WHAT YOU WILL DO
The pictures stay out; all of the data is to be printed exactly.

INFORMATION SHOWN
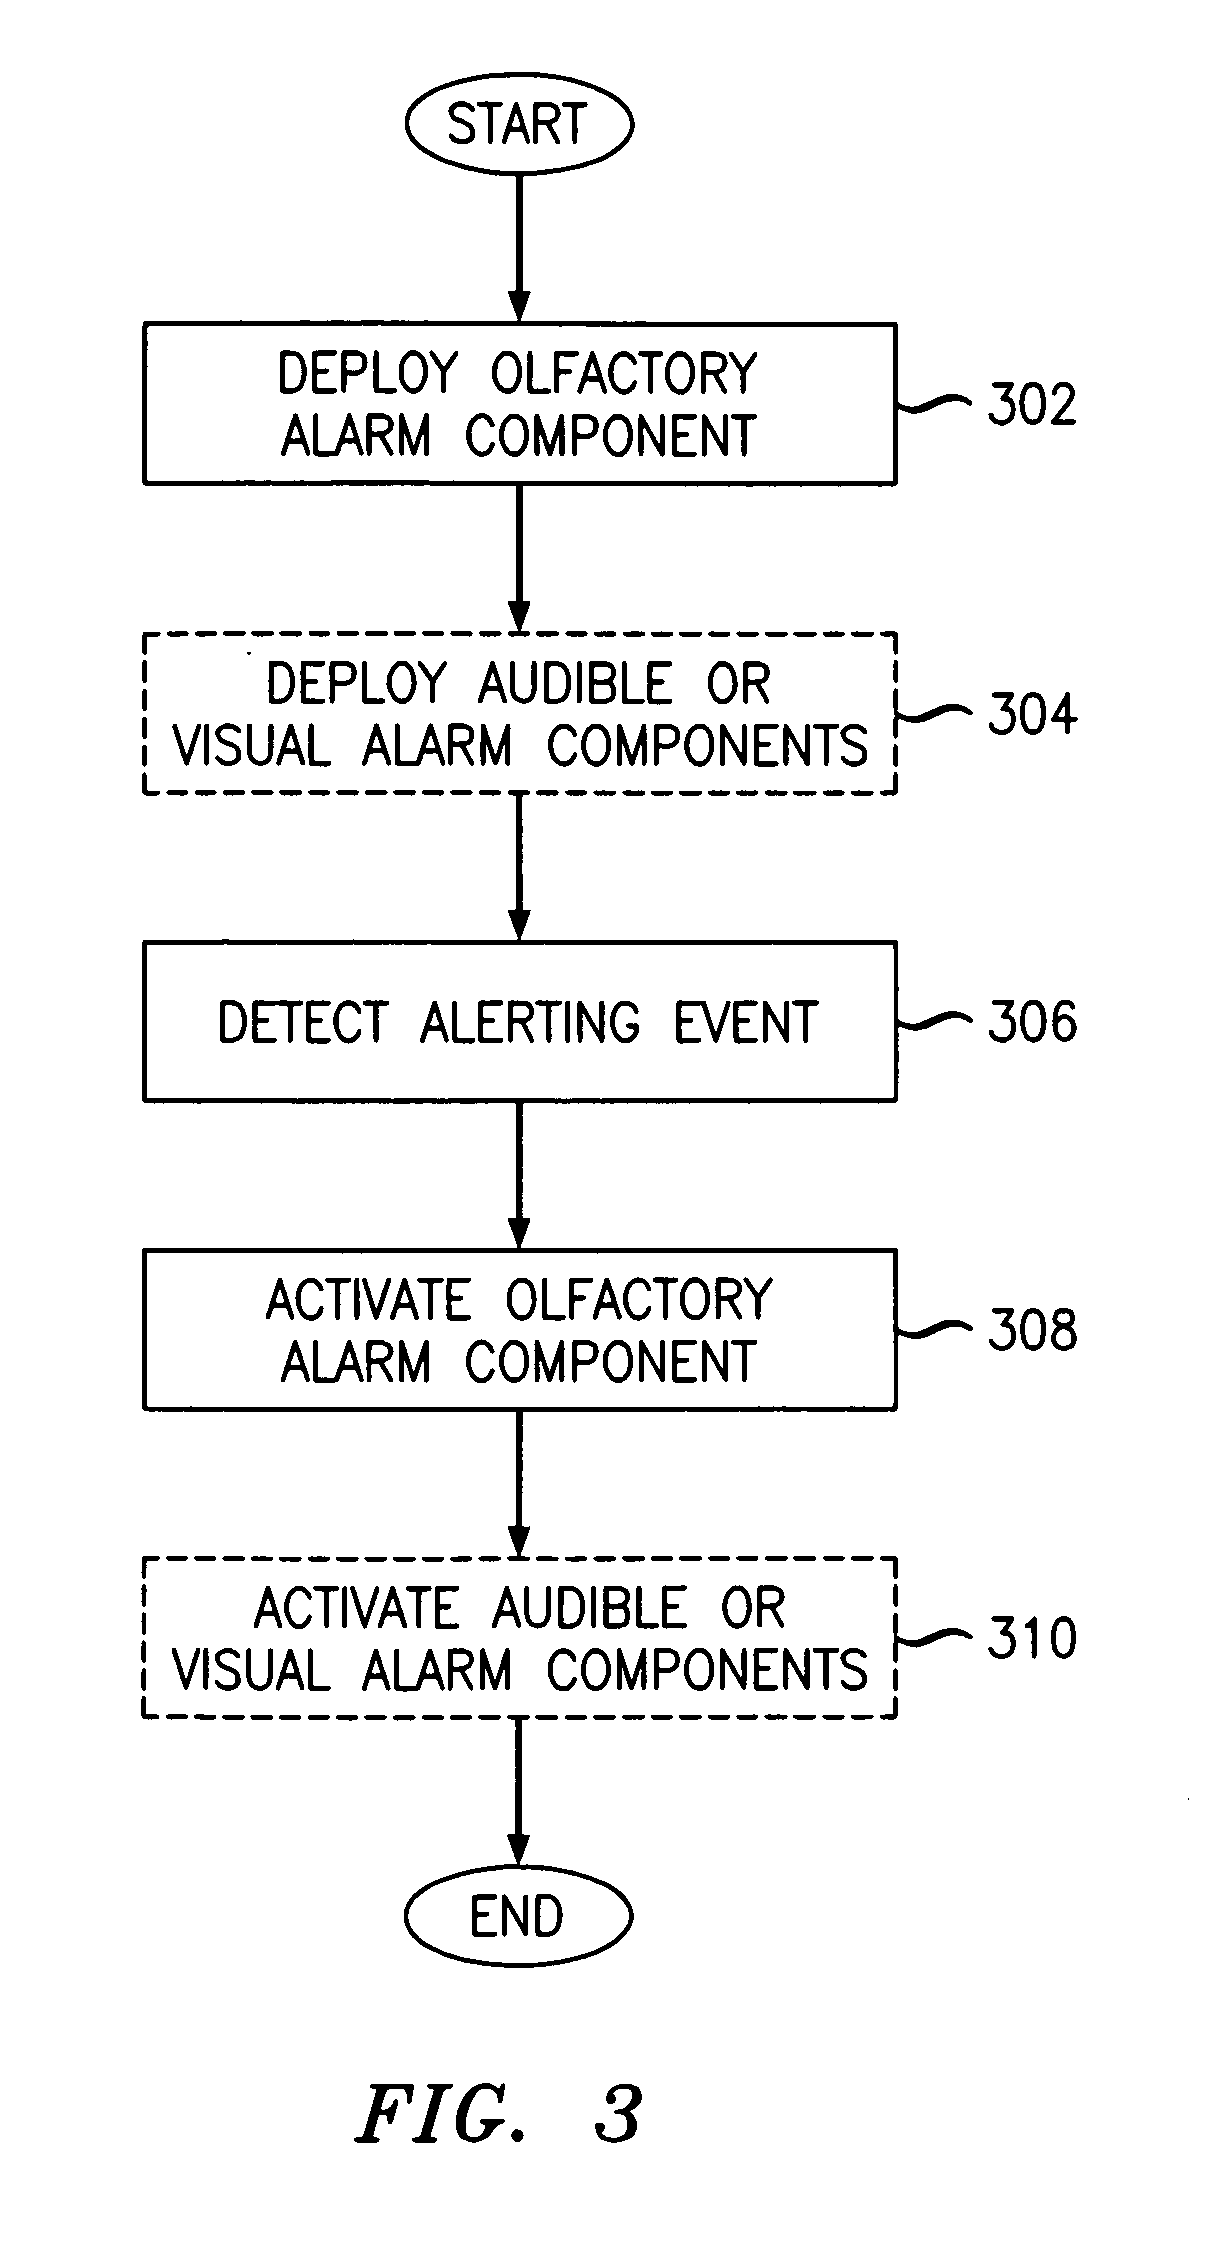 Alarm scheme with olfactory alerting component
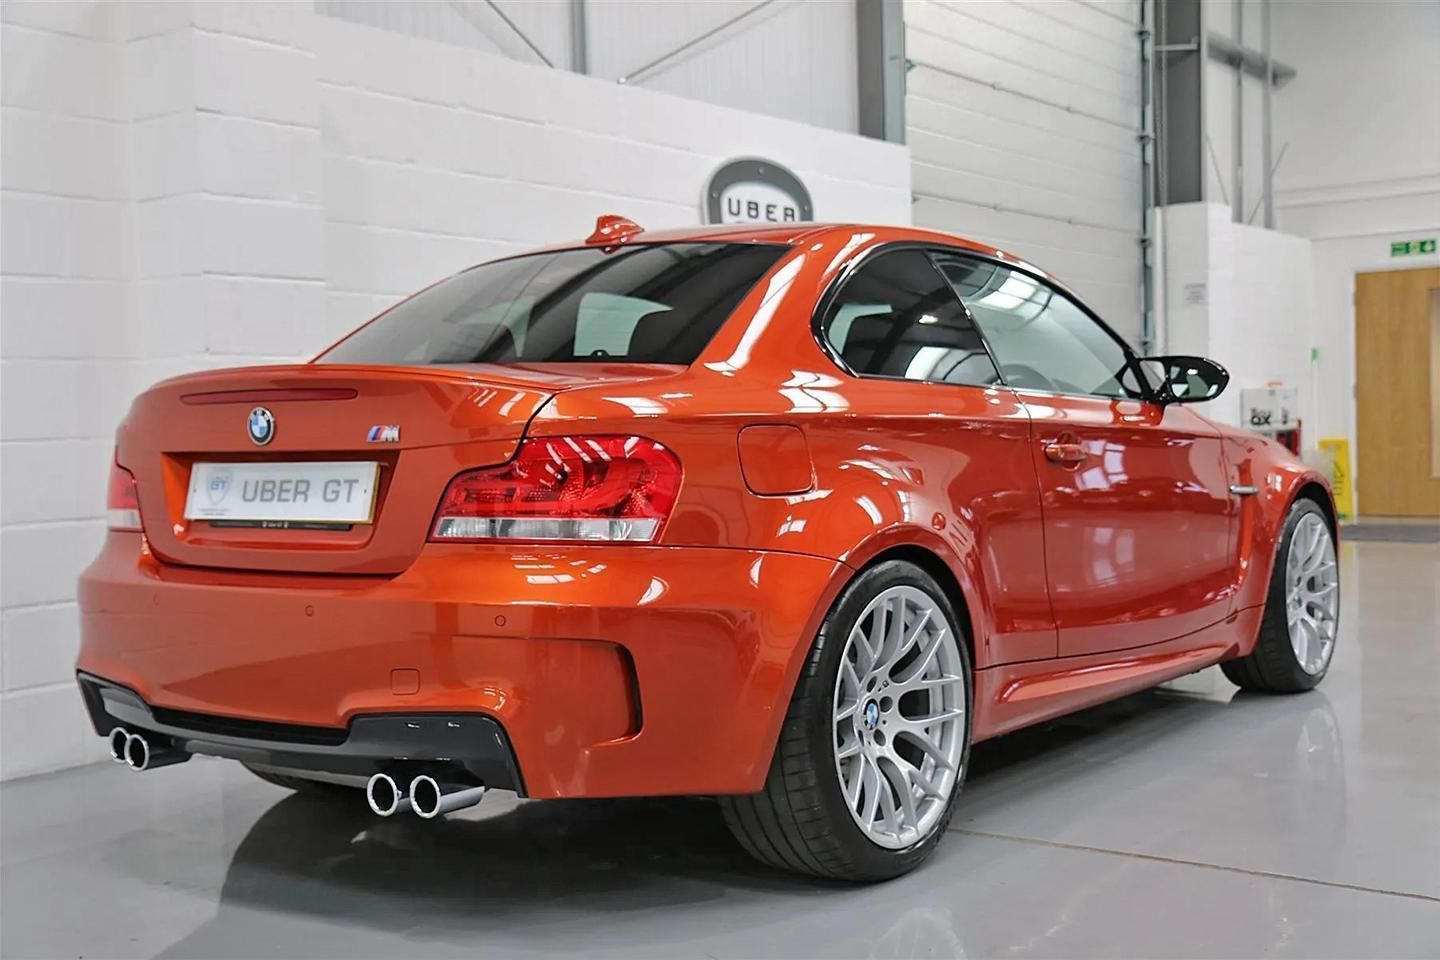 A BMW M3 E46 Just Sold For $90,000, Will This Become The New Normal?
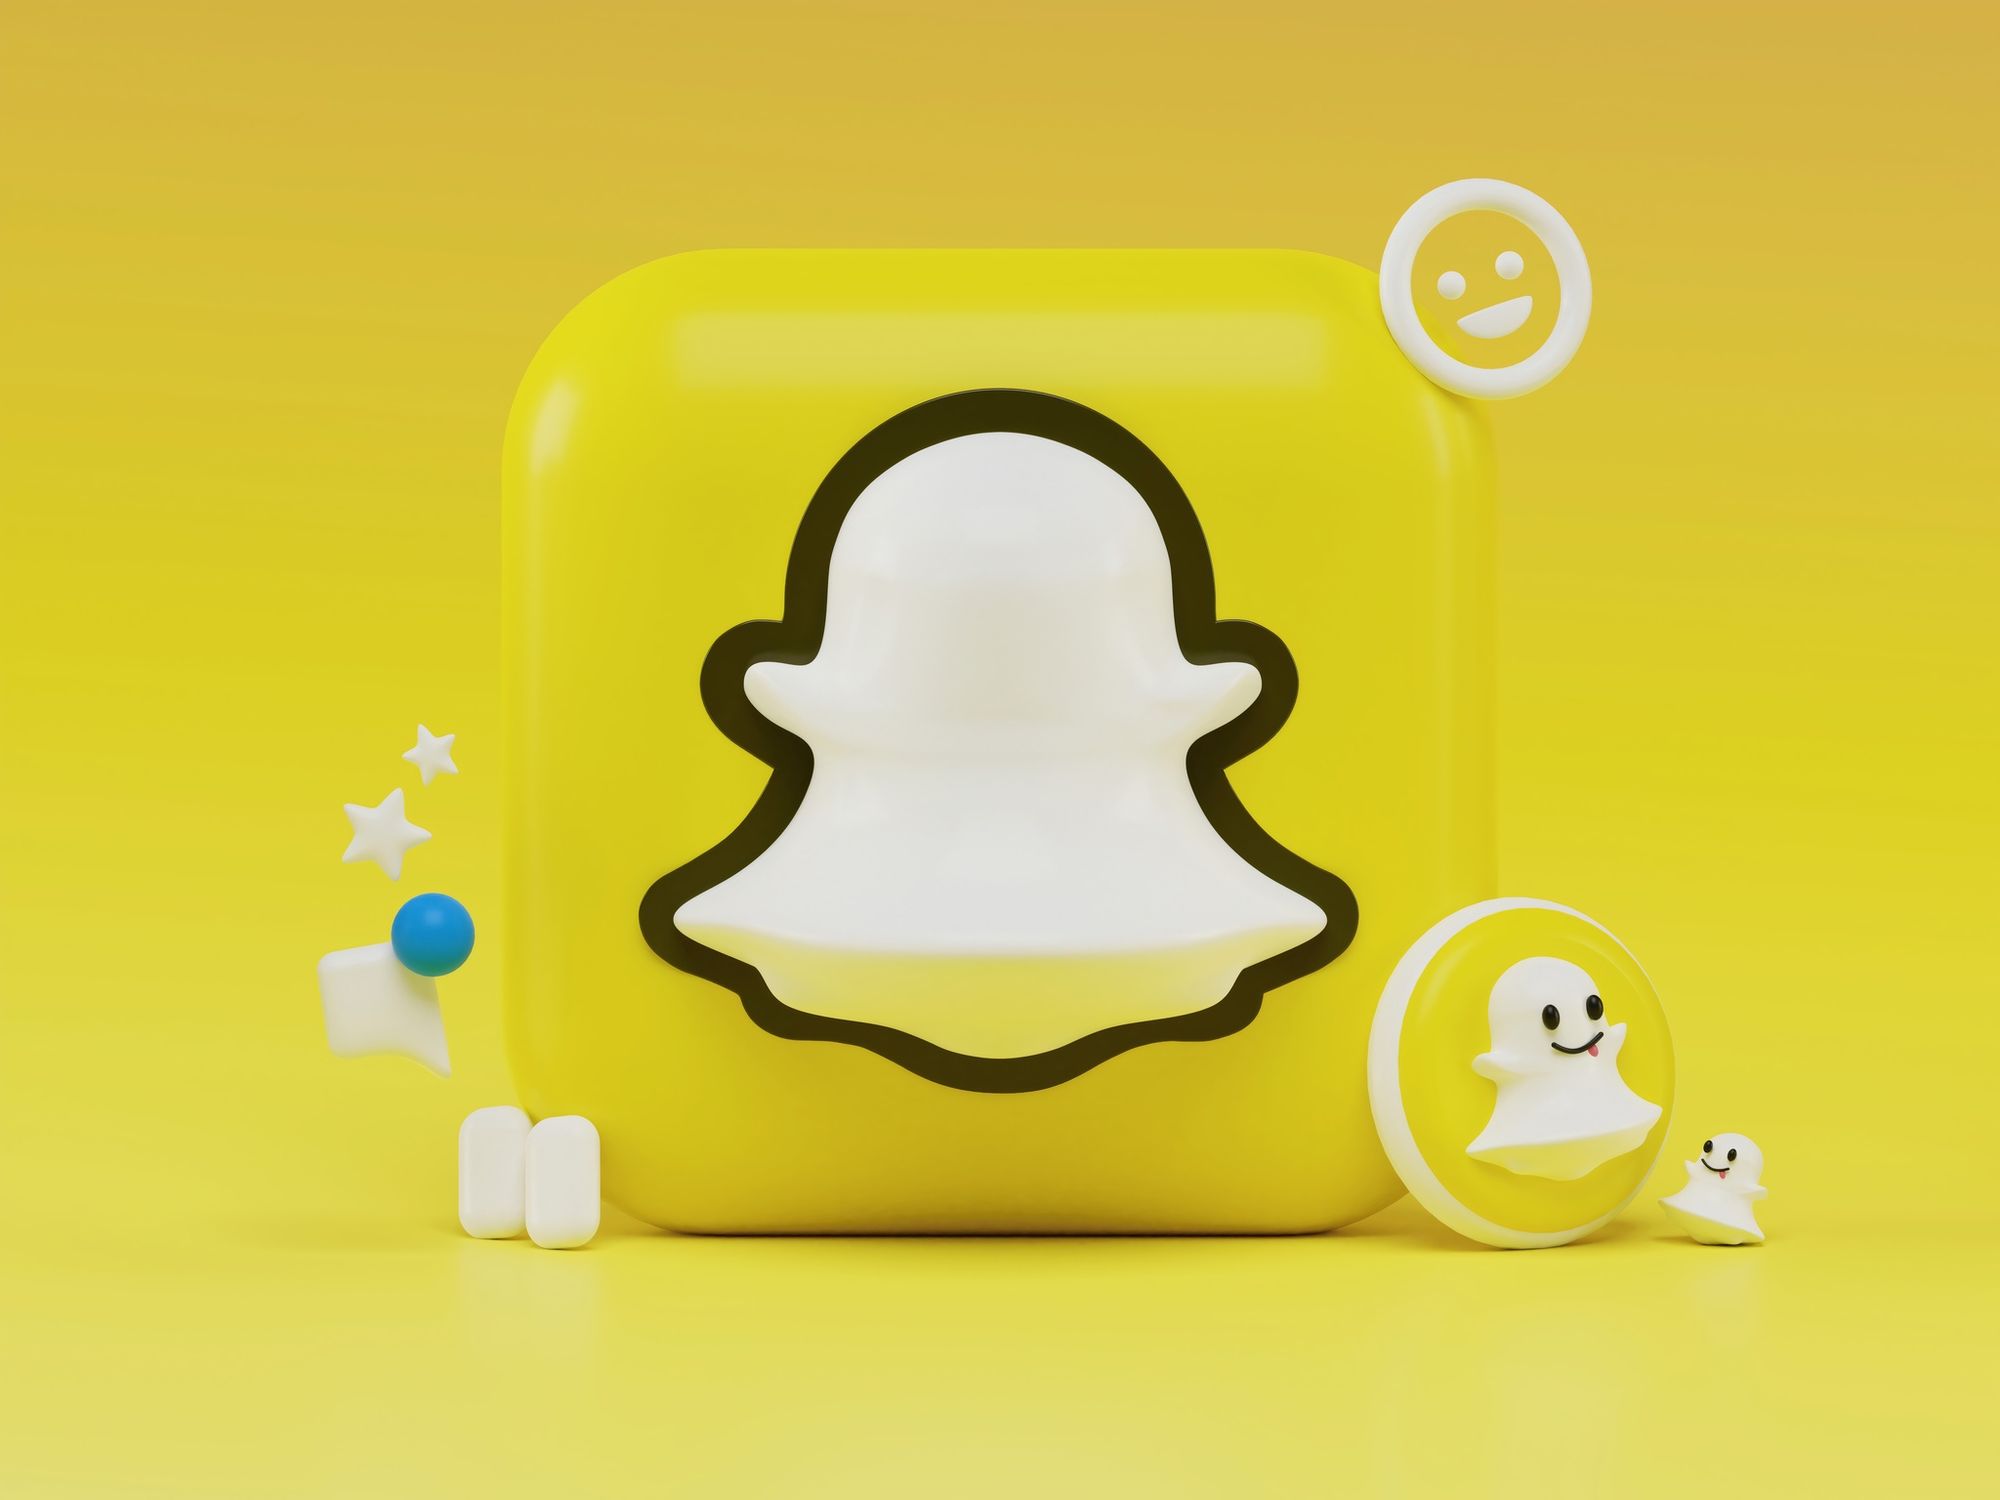 snapchat's logo in a 3d icon

SOLUTION TO THE PROBLEM
 Alarm scheme with olfactory alerting component
 A BMW M3 E46 Just Sold For $90,000, Will This Become The New Normal?
 snapchat's logo in a 3d icon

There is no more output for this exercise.